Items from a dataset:
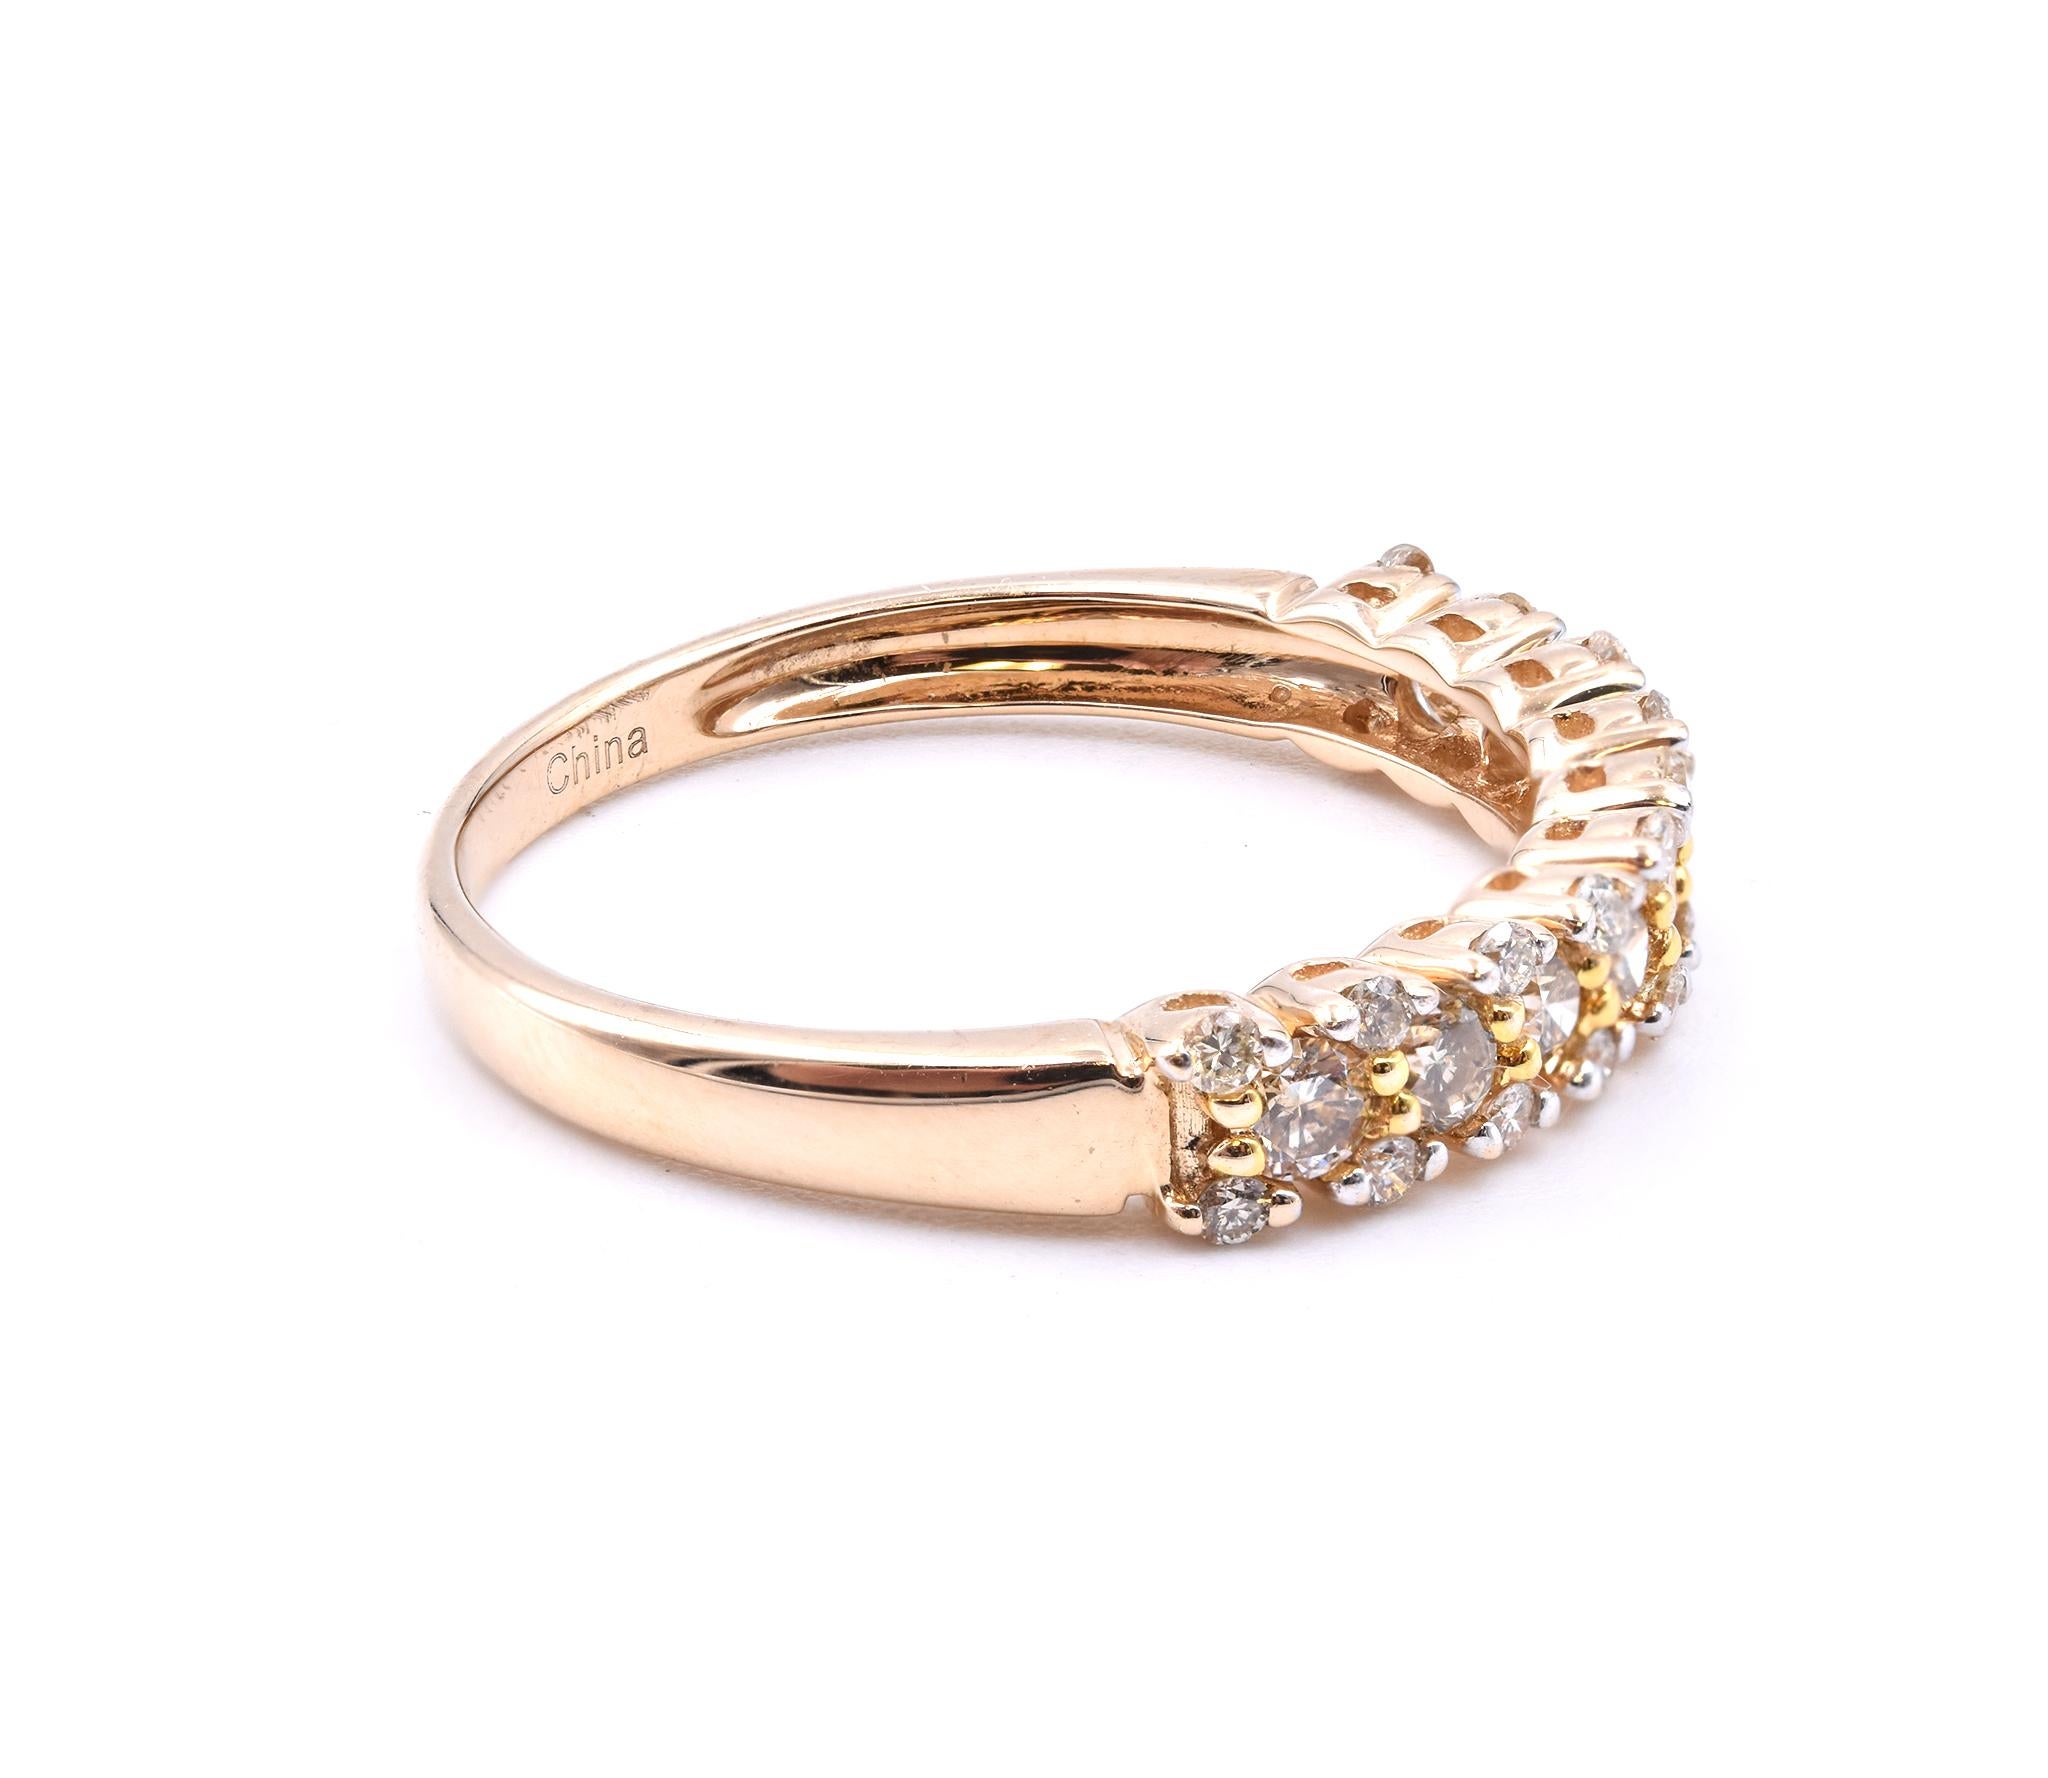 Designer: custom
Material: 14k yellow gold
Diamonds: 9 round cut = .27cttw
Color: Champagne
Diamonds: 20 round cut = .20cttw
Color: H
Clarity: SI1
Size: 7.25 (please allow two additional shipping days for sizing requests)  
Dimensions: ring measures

**EXERCISE GOAL**
Find the line with "Diamonds: 9 round cut = .27cttw" in the data above. Restate it and all later lines word for word, ending with the last line.

**SOLUTION TO THE EXERCISE**
Diamonds: 9 round cut = .27cttw
Color: Champagne
Diamonds: 20 round cut = .20cttw
Color: H
Clarity: SI1
Size: 7.25 (please allow two additional shipping days for sizing requests)  
Dimensions: ring measures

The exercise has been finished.